Many companies are declaring this year as “The Year of Automation,” seeing automation as an essential part of how we address our new normal. [1] The COVID-19 pandemic has changed the dynamics of business and how we work.

For example, YouTube recently said in a blog post that with fewer people in its offices around the world, automation software is doing more of their video content moderation. “We have started relying more on technology to help with some of the work normally done by [content] reviewers,” the company said. “This means automated systems will start [curating] content without human review.”

The ideas around automation are simple, “tried and true” and have been applied to business since the very beginning of the industrial era. So, why do we feel the time is right now for automation?

Businesses today are all-in on being digital. The pandemic has accelerated digital transformation, with digital means to do just about everything from ordering a pizza to telemedicine to our Zoom-enabled workplaces — all digital-powered. As every aspect of a business becomes digital, the doors open for automation. In a sense, businesses, like cars, have become computers that can be programmed, and automation is the software that can propel a business to have “autopilot” or “auto-assist” modes. Digital-powered then sets the table for AI-powered.

Today, we have technology that can greatly change the “state of the art” of automation, with artificial intelligence (AI), machine learning, computer vision and natural language processing.

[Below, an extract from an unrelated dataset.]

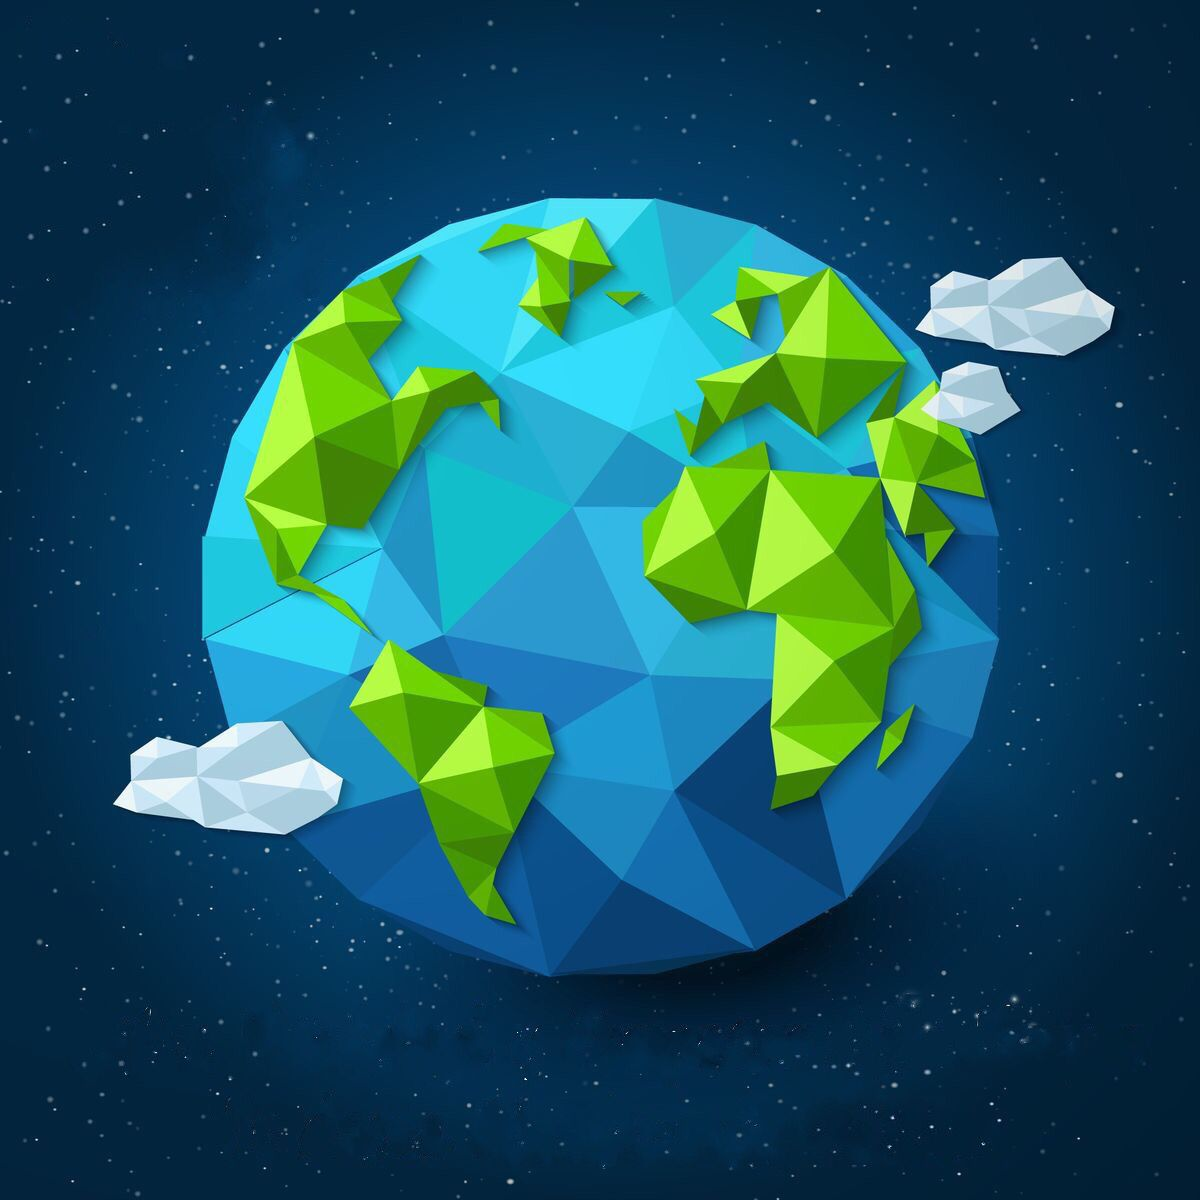 1200x1200 Planeta Tierra De Origami Low Poly In 2018 Low

AI has given birth to new ways to automate things that were difficult to automate before. AI, in the form of machine learning models, applied to IT automation with AIOps can predict the risk associated with making a change to your application, avoiding costly outages. Similarly, on the business-side, natural language understanding with robotic process automation can put automation in the hands of every business user to automate time-consuming and error-prone data entry tasks.

So, The Year of Automation is ushered in by a pandemic-accelerated, digital-powered revolution and is being paired with AI-powered technology, setting a big stage and placing intelligent automation at its very center. As such, many industry analysts have declared automation — or extreme automation, hyper-automation, etc. —as the most critical technology trend to act on now. [2]

Fundamental aspects of the Art of Automation

Automation as an “art form” for business could be simply viewed as a two-step dance. As discussed in the previous section, our new normal is driving client-demand to automate processes that eliminate repetitive and monotonous tasks. This is the first step in the dance and enables the second step, which is to augment humans to produce super-human results more rapidly.

Here is a closer look at these two simple yet fundamental aspects of the Art of Automation:

  • Task elimination targets simple, repetitive tasks across business and IT. Automating these tasks will free employees up to do more thoughtful work. For example, with closed offices keeping many of its workers away, PayPal has turned to chatbots, using them for a record 65% of message-based customer inquiries in recent weeks. “The resources we are able to deploy through AI are allowing us to be more flexible with our staff and prioritize their safety and well-being,” PayPal said in a statement.
  • Task augmentation supports, speeds up and increases employee efficiency. For example, with the increased use of online services during the coronavirus pandemic, AI-powered customer service agents can allow a single agent to help more users, decrease service queues and increase customer advocacy. AI is used to gauge user intent and capture information and the nature of the problem the customer is asking the company to solve. An automation workflow can then examine possible resolutions without engaging a human. That being said, the most powerful form of task augmentation is when humans and AI systems work hand-in-hand in achieving the desired outcome.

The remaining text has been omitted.